In Phylo, players match up coloured blocks corresponding to nucleotides in DNA sequences. Credit: Phylo

The hope that swarms of gamers can help to solve difficult biological problems has been given another boost by a report in the journal PLoS One1, showing that data gleaned from the online game Phylo are helping to untangle a major problem in comparative genomics.

The game was created to address the 'multiple sequence alignment (MSA) problem', which refers to the difficulty of aligning roughly similiar sequences of DNA in genes common to many species. A DNA sequence that is conserved across species suggests that it plays an important role in the ultimate function of that particular gene.

Although computer algorithms can do very rough alignments of sequences across species, they have proven inept at getting the answer just right. “It is fair to say that present alignments are not just a little bit bad, they are really pretty crude because we have to take a lot of heuristic shortcuts,” says Adam Siepel, a computational biologist at Cornell University in Ithaca, New York, who was not involved with the study.

That is where human gamers can make a difference. “Understanding when something breaks a general rule is very difficult for a computer but that is what human visual intelligence is very good at,” says lead author Jérôme Waldispühl, a computational biologist at McGill University in Montreal, Canada.

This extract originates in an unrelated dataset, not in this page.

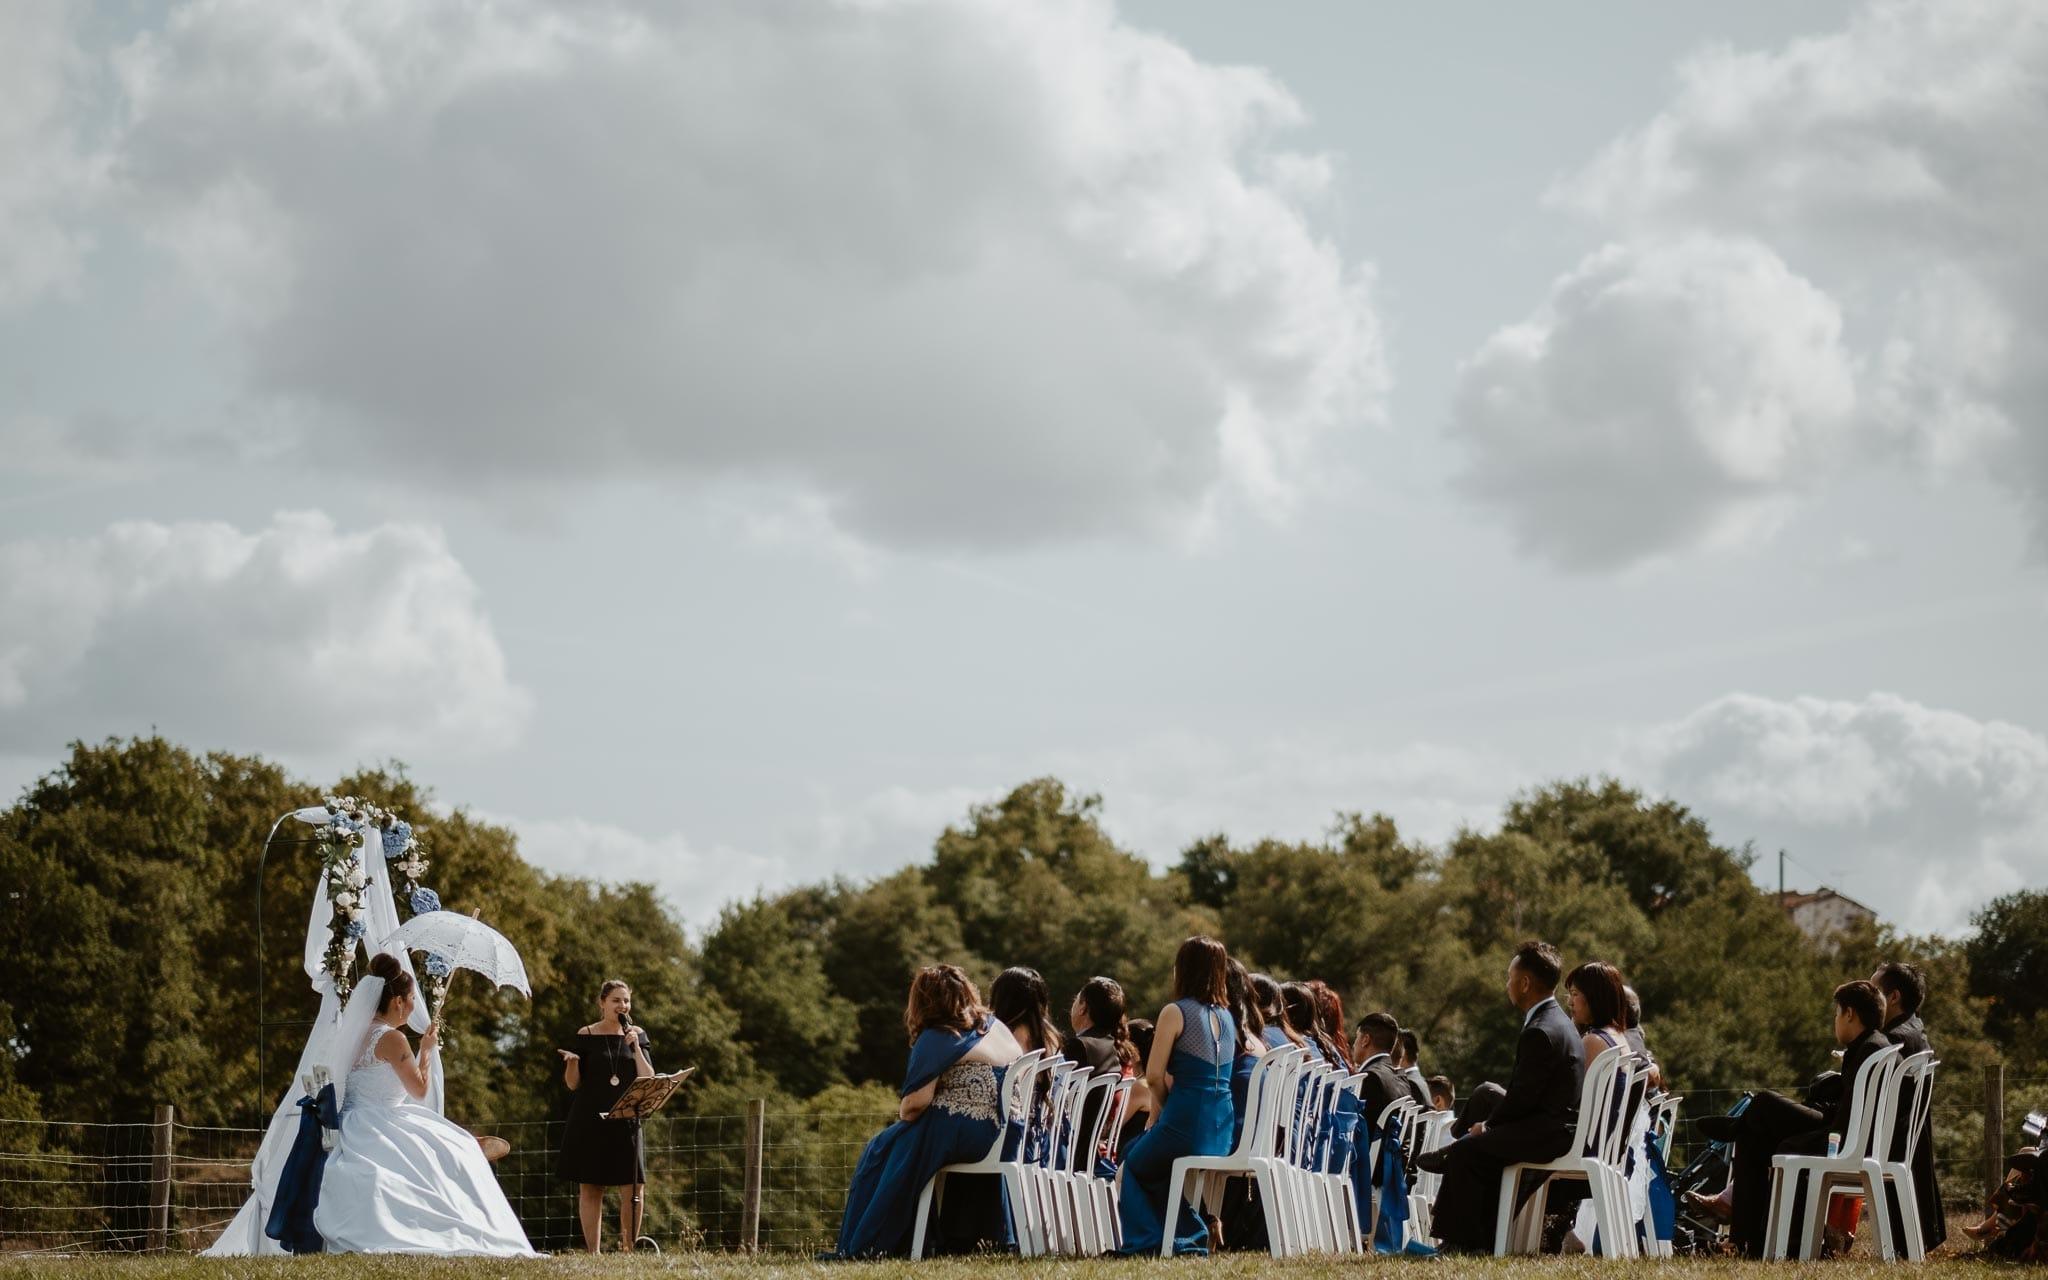 photographies d'un mariage multi-culturel asiatique américain en Vendée

Waldispühl and his colleagues created Phylo with humans' visual intelligence in mind, and released it online in November 2010. The aim of the game is to improve the sequence alignment of promoter regions — which control when a gene is transcribed — of 521 disease-associated genes from 44 vertebrate species. Sequences are represented by strings of blocks, each with a colour corresponding to one of the four different bases that make up DNA. Players try to find the best possible match between sequences for up to eight different species at a time by shifting the sequences to the left or right, one block at a time.

Players who completed the game before they ran out of time had their alignments entered into Phylo's database. If a player's alignments were better than that calculated by MULTIZ, a state-of-the-art alignment program hosted by the University of California, Santa Cruz, their score was displayed in the game's hall of fame.

The authors write that after seven months, the game had attracted 12,252 registered users and nearly 3,000 regular players. The gamers produced roughly 350,000 solutions to various MSA problems, beating the accuracy of alignments from MULTIZ in roughly 70 per cent of the sequences they manipulated. “We have shown that humans’ game-playing visual talents can do some things better than a computer algorithm,” says Waldispühl.

Play away

Although other games have been used to solve biological problems — such as Foldit and Folding@home for protein folding — these games require players to understand at least some biochemistry before they start. For Phylo, “players don’t have to know anything about genetics to make a contribution,” says co-author Mathieu Blanchette. “It’s a pure game.”

It is a game that promises to be of increasing importance to geneticists, says computer scientist Saurabh Sinha at the University of Illinois in Urbana-Champaign, who works on computational approaches to problems in molecular biology. Sinha says that, with the genomes of 10,000 veretbrate species slated to be sequenced in the next 3–5 years alone, the MSA is only going to get more difficult in future. “If you have more species to align, covering a broader evolutionary span, the current alogrithms don't scale up well computationally,” he says.

One collateral use of Phylo that has already emerged is as an aid to demonstrating how difficult sequence alignment is becoming, says Guillaume Bourque, a geneticist at McGill who was not involved in the study. “I have been able to use it as a teaching tool to show non-experts why alignment is so hard,” Bourque says.

In the near future, Phylo will be available on tablets and cell phones, the researchers say. They are also planning to allow researchers to submit DNA, RNA or protein segments from different species that they would like players to line up.